When the German Romantic philosophers first began to develop their ideas at the end of the eighteenth century, they were initially inspired by the values of the so-called Enlightenment. Their principles included political participation and the sovereignty of the individual in relation to property rights and free speech. Their opponents, on the other hand, were in favour of the ‘machine-state’ of absolutism through which a ruling prince would merely act in the name of the people themselves. The Romantic philosophers - particularly Novalis, Schlegel and Schleiermacher - were also opposed to the way the modern liberal state was held together through narrow self-interest, realising that such atomisation would lead ultimately to tyranny.
As the 1790s arrived and the full horror of the French Revolution began to unfold, the Romantics took stock of their political beliefs and moved away from the classical antiquity of Greece and Rome to seek inspiration in the Middle Ages. One reason for this was their view that the creation of an organic state was reliant upon historical continuity and a celebration of communal life.
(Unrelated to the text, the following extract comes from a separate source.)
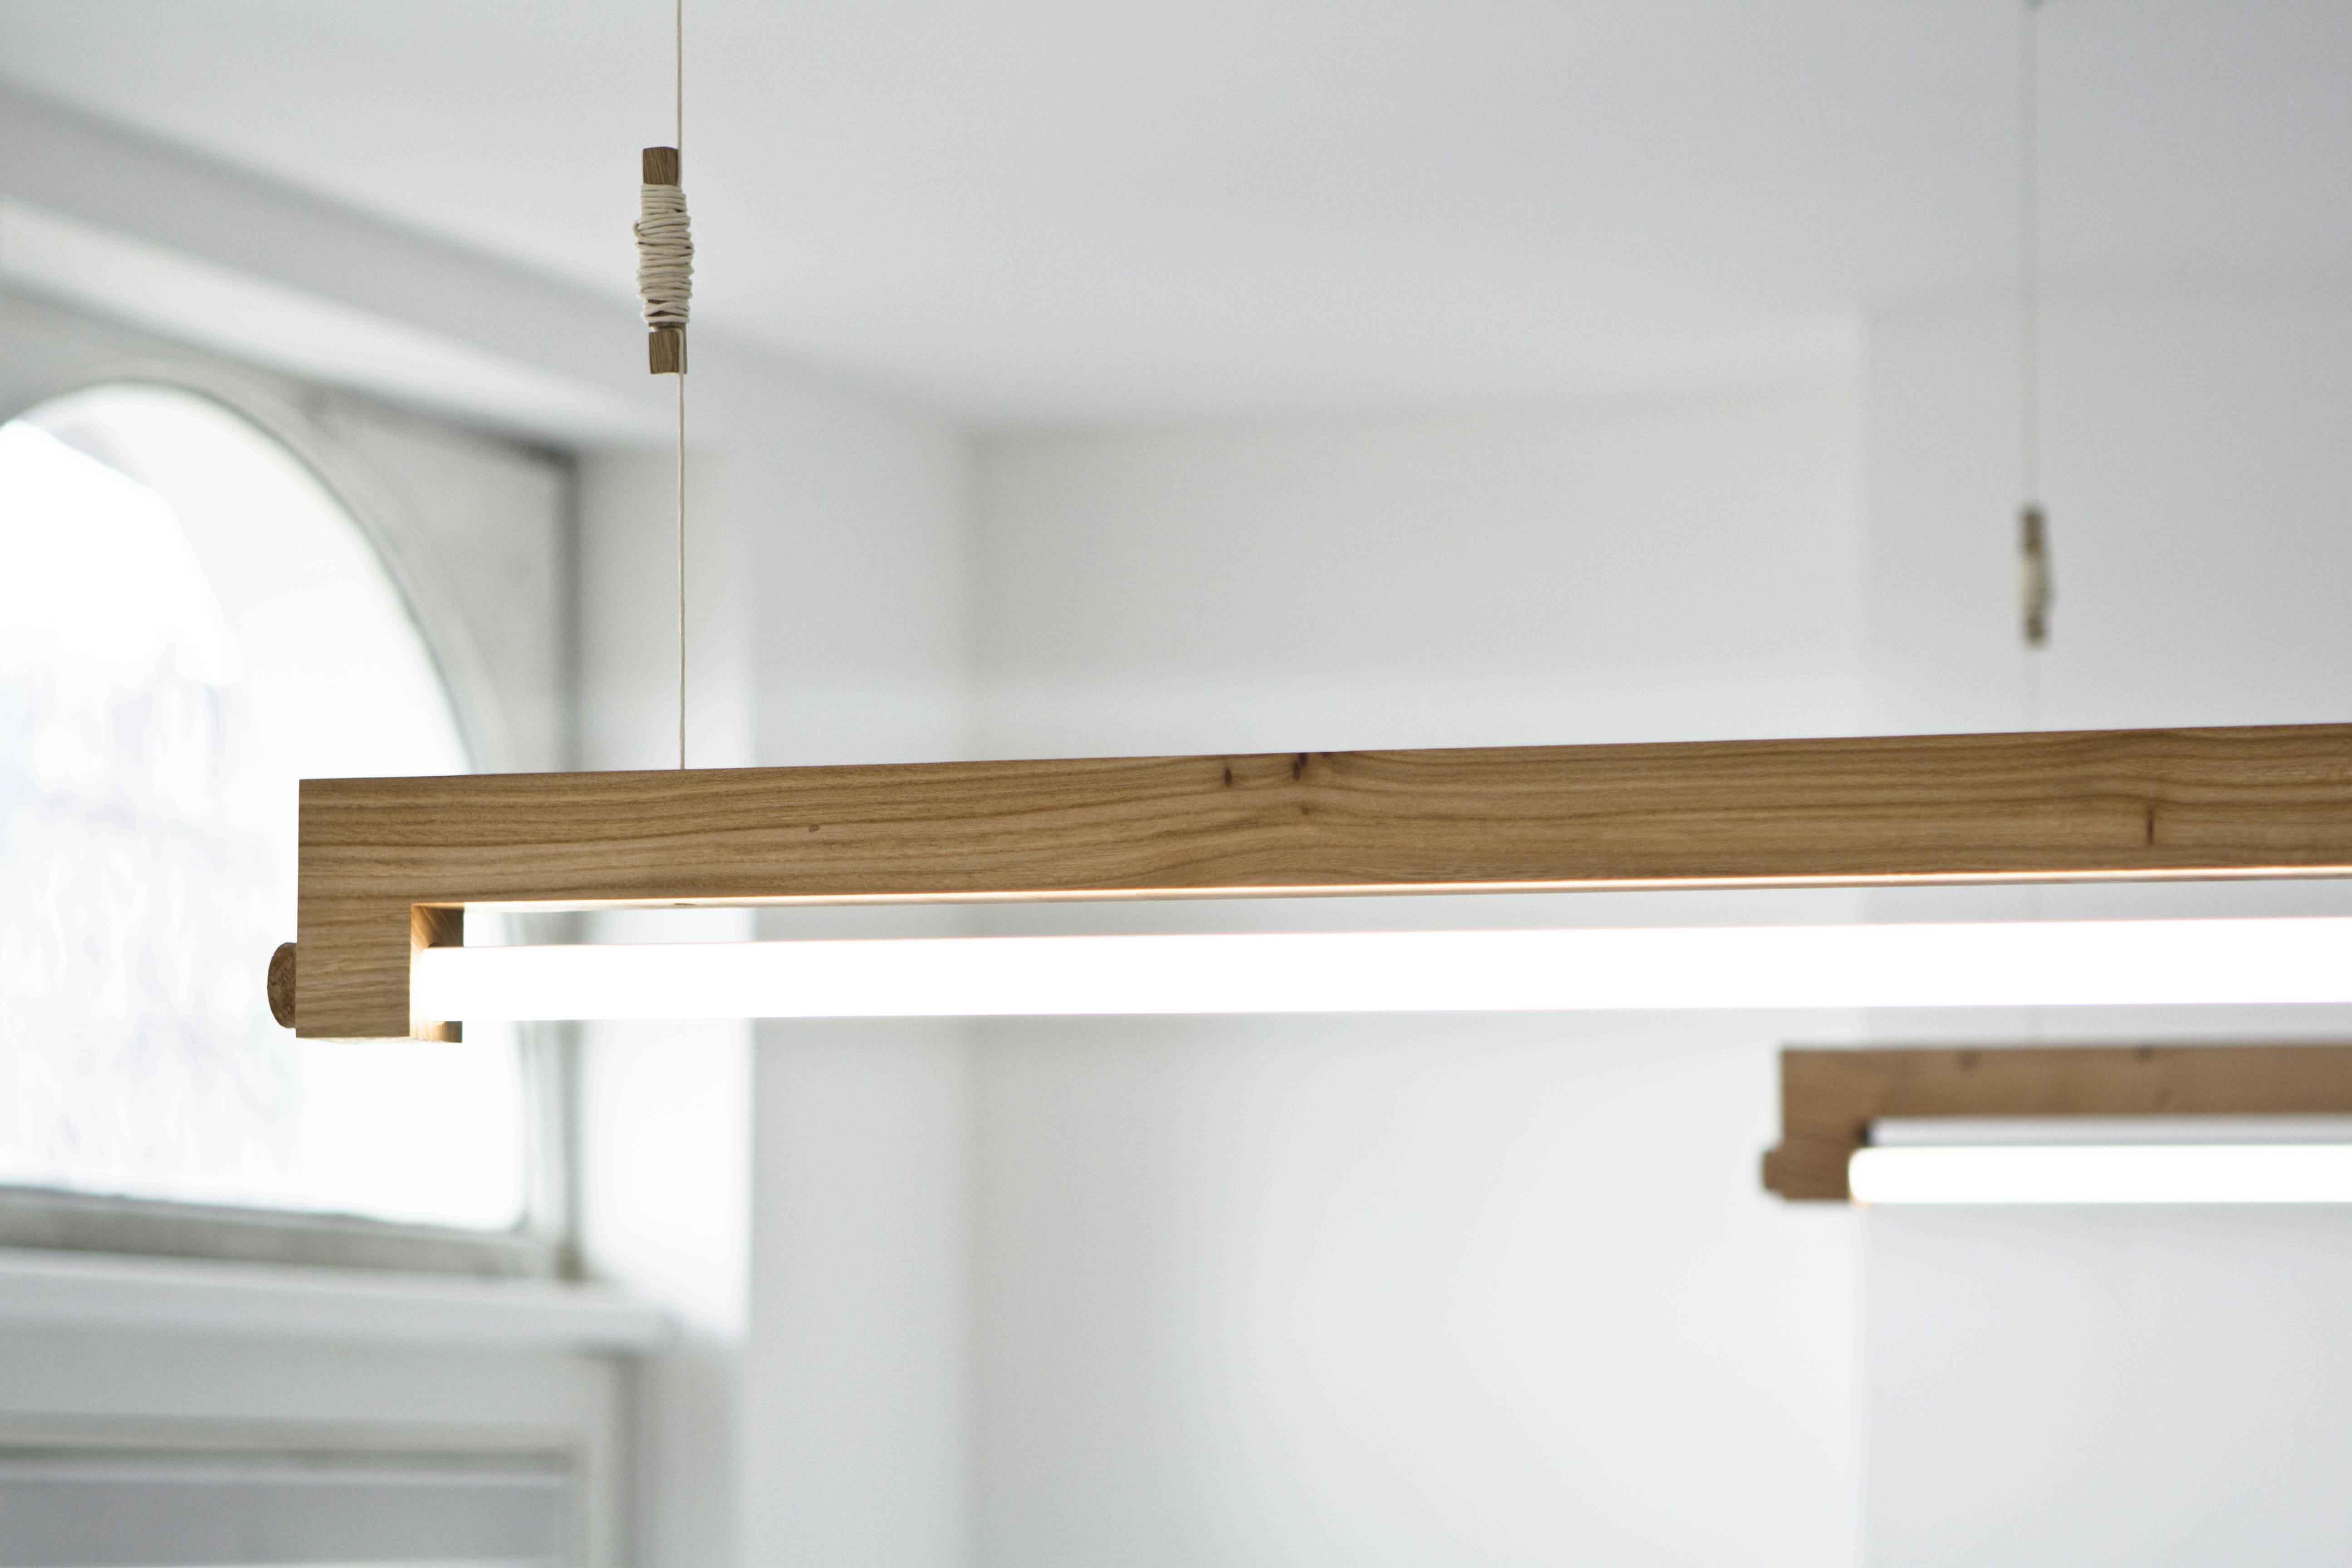 Minimalistische led tl lamp ninebyfour van waarmakers i gimmii shop - Indus badkamer ...

When, in the nineteenth century, much of Romantic philosophy was taken up by Hegel and his thought became synonymous with the Absolute Idealism that had been developed slightly earlier by Schelling and others, this belief in statism went into overdrive and Hegel used his philosophy to create a terrifying political leviathan. The Italian fascist thinker, Giovanni Gentile, would later turn these ideas into what he described as Actual Idealism, something even more centralised and all-encompassing.
Returning to what I said at the beginning of this discussion, I do not believe that Absolute Idealism need ever impose itself on others or be achieved through statism. My personal vision, therefore, would be to form a National-Anarchist settlement that retains the Romantic love for individual sovereignty within a context in which people share the idea of a universal principle but without any desire to pull other communities into their trajectory. The same would apply to other National-Anarchist settlements with a universalist flavour, such as those adhering to Zen Buddhism, Christianity, Islam, Judaism, Steinerian threefolding and what have you.
Although we each believe in a ubiquitous principle, the unifying feature that permeates all such communities - and herein lies the great beauty of separatist diplomacy - must be Anarchism itself. In fact Anarchy becomes the political macrocosmic principle by which all spiritual macrocosmic principles achieve reality in a microcosmic setting of their own choosing.
As above, then so below in the tribal multiverse.